#### [Material for this exercise]
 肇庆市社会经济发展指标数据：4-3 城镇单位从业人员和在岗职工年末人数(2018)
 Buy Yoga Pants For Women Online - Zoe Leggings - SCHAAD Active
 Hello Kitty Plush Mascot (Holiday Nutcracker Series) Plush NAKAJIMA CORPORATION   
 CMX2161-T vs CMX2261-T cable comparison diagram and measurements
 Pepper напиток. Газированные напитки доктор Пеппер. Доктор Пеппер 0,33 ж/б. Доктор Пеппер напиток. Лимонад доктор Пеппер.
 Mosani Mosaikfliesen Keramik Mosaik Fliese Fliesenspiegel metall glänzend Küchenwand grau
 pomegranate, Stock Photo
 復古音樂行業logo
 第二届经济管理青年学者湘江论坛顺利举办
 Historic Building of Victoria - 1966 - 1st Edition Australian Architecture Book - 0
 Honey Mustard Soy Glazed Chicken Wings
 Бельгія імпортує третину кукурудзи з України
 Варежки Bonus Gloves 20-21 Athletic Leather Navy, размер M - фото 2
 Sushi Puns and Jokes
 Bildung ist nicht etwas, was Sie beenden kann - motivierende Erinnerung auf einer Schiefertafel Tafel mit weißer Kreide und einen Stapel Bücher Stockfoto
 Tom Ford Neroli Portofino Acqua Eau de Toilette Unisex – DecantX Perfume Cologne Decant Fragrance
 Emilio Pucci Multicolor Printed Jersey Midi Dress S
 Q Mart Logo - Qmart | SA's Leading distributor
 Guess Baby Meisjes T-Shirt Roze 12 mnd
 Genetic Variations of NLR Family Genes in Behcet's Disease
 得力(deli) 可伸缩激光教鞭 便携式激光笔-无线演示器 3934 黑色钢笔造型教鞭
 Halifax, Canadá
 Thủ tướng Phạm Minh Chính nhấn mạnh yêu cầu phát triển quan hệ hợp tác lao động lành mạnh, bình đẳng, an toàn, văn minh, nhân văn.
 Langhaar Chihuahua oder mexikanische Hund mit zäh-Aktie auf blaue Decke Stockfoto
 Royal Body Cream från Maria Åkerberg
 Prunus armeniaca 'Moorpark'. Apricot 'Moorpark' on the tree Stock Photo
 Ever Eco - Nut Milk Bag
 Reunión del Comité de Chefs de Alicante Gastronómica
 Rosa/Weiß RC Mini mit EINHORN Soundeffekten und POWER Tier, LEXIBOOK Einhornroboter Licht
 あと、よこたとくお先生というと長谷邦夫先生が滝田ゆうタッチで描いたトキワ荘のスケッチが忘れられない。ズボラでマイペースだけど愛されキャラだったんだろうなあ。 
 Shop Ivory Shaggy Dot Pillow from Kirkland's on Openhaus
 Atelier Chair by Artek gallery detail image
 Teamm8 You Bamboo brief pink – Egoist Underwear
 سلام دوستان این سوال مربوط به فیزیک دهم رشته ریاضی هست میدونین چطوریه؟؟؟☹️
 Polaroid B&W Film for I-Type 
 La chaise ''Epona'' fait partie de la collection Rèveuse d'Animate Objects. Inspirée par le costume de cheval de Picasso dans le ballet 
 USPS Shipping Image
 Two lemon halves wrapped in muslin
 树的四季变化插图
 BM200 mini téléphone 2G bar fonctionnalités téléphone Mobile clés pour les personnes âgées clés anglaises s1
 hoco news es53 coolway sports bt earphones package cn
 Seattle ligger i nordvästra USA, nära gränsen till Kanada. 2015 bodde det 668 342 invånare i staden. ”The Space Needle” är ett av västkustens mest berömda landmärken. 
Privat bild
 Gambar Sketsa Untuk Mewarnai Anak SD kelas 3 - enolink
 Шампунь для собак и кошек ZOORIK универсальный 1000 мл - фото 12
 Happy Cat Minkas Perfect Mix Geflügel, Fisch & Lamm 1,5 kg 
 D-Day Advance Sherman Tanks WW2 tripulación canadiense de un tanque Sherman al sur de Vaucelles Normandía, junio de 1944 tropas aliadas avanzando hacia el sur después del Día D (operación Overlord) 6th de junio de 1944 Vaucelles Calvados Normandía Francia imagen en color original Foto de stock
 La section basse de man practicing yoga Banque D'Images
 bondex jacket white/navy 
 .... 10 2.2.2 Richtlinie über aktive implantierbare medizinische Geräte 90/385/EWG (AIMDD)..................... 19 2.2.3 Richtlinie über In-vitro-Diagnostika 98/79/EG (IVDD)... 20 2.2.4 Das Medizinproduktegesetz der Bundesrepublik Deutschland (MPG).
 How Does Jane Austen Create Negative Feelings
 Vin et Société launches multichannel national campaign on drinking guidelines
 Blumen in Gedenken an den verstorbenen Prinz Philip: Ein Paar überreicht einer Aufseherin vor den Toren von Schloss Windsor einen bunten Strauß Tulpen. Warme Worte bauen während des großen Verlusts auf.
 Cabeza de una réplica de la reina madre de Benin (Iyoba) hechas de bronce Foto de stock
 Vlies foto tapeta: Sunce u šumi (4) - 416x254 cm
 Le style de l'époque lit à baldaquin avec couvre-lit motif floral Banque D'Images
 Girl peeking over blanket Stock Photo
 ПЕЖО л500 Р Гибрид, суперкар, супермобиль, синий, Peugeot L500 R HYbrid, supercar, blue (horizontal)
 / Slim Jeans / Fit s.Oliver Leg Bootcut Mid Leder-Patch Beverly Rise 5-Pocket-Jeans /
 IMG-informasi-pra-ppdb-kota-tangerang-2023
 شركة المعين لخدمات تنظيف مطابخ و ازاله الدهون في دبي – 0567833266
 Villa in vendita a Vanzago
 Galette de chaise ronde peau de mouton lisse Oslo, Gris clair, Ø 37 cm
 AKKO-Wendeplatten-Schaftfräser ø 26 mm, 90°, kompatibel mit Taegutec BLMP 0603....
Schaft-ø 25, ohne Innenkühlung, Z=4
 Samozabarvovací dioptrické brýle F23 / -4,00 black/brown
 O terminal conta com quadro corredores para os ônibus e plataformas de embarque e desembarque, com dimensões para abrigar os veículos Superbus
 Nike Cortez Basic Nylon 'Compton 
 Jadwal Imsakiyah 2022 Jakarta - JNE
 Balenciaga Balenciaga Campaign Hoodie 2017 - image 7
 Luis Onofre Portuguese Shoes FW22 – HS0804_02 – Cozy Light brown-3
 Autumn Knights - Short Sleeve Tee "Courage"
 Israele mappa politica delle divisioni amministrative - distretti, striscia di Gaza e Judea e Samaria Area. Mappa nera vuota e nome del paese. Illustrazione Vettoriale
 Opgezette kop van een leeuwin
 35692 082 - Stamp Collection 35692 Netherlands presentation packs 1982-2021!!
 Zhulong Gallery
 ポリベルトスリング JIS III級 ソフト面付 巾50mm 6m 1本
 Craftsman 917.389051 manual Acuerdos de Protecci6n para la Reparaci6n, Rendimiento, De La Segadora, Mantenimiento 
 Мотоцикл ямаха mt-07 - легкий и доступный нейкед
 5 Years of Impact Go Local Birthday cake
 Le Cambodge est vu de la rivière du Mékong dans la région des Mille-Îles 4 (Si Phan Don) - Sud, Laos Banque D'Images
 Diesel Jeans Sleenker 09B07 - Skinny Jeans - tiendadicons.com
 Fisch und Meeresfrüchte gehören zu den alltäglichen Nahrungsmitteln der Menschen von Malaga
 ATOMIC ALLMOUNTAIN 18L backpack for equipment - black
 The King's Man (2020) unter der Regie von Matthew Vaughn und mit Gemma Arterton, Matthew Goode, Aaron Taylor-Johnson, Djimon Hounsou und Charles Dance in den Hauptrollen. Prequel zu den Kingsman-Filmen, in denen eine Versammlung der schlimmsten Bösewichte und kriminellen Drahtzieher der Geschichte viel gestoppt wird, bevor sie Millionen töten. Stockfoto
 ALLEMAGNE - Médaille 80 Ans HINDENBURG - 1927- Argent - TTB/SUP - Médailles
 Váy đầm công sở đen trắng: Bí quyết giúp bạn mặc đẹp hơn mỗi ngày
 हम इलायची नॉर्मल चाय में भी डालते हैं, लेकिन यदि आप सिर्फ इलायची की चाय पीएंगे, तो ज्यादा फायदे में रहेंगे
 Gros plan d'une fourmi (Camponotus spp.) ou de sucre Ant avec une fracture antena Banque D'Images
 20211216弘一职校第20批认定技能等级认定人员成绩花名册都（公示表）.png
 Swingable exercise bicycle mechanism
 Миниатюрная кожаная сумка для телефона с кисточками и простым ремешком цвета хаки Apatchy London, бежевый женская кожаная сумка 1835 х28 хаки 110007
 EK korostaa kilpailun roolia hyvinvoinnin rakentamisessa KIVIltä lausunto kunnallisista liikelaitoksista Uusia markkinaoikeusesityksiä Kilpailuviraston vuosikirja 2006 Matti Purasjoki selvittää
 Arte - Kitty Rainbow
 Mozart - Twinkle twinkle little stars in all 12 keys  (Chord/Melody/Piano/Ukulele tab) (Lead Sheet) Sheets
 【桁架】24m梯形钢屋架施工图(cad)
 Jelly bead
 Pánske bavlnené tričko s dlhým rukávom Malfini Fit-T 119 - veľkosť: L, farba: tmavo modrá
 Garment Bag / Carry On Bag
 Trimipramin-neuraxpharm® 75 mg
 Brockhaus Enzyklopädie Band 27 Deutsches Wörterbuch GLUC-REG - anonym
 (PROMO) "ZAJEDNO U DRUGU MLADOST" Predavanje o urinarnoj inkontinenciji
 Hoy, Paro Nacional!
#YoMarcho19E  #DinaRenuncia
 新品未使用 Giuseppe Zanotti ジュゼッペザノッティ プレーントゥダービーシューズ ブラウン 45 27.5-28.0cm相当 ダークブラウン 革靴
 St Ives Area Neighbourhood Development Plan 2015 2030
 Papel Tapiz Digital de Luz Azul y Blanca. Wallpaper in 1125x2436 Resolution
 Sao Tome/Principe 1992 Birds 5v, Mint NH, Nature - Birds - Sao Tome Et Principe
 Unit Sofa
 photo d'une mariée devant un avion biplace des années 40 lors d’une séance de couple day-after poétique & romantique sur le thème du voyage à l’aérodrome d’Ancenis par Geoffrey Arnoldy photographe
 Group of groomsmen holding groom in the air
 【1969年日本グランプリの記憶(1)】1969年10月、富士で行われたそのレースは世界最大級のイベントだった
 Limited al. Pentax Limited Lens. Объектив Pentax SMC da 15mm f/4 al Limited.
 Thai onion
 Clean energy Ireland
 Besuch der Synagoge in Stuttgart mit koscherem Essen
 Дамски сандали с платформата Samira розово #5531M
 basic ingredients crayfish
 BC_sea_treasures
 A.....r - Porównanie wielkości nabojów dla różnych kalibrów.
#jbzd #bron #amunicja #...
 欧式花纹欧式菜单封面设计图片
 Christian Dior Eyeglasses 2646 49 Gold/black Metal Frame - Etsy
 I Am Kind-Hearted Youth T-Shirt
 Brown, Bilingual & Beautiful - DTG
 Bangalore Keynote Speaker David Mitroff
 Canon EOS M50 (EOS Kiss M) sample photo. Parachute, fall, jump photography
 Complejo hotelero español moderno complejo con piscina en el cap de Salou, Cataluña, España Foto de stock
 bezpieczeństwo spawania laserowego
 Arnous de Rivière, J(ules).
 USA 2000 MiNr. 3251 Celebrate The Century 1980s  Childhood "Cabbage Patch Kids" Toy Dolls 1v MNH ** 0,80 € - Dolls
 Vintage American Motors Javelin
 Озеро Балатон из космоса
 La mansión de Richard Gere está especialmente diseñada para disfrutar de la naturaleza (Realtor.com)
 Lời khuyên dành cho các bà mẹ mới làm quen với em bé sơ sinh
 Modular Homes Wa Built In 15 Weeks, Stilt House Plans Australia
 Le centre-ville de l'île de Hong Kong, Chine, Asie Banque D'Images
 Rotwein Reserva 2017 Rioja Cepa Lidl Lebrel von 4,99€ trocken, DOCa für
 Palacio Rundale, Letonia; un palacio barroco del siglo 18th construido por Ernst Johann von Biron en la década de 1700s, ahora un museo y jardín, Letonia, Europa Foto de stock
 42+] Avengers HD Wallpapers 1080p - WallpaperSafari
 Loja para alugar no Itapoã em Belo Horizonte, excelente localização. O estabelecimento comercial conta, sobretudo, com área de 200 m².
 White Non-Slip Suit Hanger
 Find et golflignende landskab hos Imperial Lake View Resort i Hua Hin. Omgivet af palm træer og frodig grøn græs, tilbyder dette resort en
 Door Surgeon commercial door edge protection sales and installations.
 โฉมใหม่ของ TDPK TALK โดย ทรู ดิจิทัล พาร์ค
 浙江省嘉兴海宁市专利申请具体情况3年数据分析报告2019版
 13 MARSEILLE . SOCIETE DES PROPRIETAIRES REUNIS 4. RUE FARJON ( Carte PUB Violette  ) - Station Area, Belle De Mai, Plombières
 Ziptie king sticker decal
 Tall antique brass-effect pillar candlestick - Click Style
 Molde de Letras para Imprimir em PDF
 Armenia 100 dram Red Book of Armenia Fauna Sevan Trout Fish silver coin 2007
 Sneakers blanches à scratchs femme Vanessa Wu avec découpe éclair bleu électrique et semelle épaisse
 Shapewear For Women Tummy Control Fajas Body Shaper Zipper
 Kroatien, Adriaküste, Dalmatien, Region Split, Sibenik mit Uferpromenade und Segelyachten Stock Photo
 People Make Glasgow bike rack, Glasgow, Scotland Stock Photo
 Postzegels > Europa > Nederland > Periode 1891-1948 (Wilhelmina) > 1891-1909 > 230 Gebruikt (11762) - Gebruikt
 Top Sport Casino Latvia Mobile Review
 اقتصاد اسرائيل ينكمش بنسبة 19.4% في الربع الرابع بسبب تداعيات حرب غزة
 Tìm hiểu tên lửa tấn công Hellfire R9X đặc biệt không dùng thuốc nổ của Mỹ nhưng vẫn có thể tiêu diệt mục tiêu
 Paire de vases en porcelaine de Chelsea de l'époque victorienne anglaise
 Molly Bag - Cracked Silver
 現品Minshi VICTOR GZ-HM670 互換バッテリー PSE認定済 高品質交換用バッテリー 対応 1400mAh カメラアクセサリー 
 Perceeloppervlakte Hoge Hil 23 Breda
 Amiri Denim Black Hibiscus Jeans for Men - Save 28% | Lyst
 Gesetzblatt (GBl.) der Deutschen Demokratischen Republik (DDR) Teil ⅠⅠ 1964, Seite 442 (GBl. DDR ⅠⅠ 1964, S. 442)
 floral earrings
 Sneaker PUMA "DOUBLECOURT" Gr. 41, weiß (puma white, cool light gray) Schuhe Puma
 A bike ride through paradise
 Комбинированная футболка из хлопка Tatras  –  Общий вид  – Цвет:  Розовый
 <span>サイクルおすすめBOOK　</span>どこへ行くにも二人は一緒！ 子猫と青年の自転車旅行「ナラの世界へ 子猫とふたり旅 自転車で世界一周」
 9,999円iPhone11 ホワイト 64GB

#### [Exercise directions]
From the line that has "Swingable exercise bicycle mechanism" through the line that has "Hoy, Paro Nacional!", copy every line exactly as it appears above, and leave out all others.

#### [Answer to this task]
 Swingable exercise bicycle mechanism
 Миниатюрная кожаная сумка для телефона с кисточками и простым ремешком цвета хаки Apatchy London, бежевый женская кожаная сумка 1835 х28 хаки 110007
 EK korostaa kilpailun roolia hyvinvoinnin rakentamisessa KIVIltä lausunto kunnallisista liikelaitoksista Uusia markkinaoikeusesityksiä Kilpailuviraston vuosikirja 2006 Matti Purasjoki selvittää
 Arte - Kitty Rainbow
 Mozart - Twinkle twinkle little stars in all 12 keys  (Chord/Melody/Piano/Ukulele tab) (Lead Sheet) Sheets
 【桁架】24m梯形钢屋架施工图(cad)
 Jelly bead
 Pánske bavlnené tričko s dlhým rukávom Malfini Fit-T 119 - veľkosť: L, farba: tmavo modrá
 Garment Bag / Carry On Bag
 Trimipramin-neuraxpharm® 75 mg
 Brockhaus Enzyklopädie Band 27 Deutsches Wörterbuch GLUC-REG - anonym
 (PROMO) "ZAJEDNO U DRUGU MLADOST" Predavanje o urinarnoj inkontinenciji
 Hoy, Paro Nacional!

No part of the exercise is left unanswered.